[Provided entries Boundary: Start]

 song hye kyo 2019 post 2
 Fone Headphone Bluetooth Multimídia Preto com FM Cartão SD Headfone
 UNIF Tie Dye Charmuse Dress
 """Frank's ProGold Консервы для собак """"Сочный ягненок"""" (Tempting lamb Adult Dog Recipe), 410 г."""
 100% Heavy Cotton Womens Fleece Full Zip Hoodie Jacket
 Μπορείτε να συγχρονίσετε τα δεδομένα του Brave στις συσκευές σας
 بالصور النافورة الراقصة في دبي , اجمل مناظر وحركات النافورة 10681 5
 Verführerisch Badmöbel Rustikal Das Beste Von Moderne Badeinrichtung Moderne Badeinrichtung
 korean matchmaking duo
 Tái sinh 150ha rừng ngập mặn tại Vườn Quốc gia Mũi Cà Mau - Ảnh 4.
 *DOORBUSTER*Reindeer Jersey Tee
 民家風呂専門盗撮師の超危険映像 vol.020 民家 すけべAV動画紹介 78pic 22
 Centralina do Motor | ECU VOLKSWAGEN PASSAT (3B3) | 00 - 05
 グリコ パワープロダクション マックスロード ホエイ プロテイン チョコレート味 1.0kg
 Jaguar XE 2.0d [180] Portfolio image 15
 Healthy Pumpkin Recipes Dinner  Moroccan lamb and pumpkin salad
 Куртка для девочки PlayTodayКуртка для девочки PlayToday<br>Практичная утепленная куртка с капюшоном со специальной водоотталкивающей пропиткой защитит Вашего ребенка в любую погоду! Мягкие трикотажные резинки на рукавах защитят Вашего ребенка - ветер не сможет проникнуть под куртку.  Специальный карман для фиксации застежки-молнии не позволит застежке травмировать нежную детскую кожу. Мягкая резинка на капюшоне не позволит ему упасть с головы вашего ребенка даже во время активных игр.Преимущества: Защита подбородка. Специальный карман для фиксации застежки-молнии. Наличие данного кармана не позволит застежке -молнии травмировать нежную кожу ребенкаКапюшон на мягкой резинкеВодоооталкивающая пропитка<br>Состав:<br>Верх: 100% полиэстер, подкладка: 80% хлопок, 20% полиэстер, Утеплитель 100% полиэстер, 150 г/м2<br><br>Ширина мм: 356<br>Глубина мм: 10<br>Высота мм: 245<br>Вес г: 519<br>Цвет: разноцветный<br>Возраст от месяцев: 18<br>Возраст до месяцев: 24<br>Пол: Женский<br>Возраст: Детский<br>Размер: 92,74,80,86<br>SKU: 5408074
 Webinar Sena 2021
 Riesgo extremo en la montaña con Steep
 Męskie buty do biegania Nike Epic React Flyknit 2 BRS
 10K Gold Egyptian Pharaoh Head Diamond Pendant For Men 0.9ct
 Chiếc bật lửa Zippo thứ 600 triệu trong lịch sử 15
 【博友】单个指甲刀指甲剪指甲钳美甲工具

[Provided entries Boundary: End]

Exercise aim>
Gather up the lines containing the word "lamb" from these records and copy them.

Result below>
 """Frank's ProGold Консервы для собак """"Сочный ягненок"""" (Tempting lamb Adult Dog Recipe), 410 г."""
 Healthy Pumpkin Recipes Dinner  Moroccan lamb and pumpkin salad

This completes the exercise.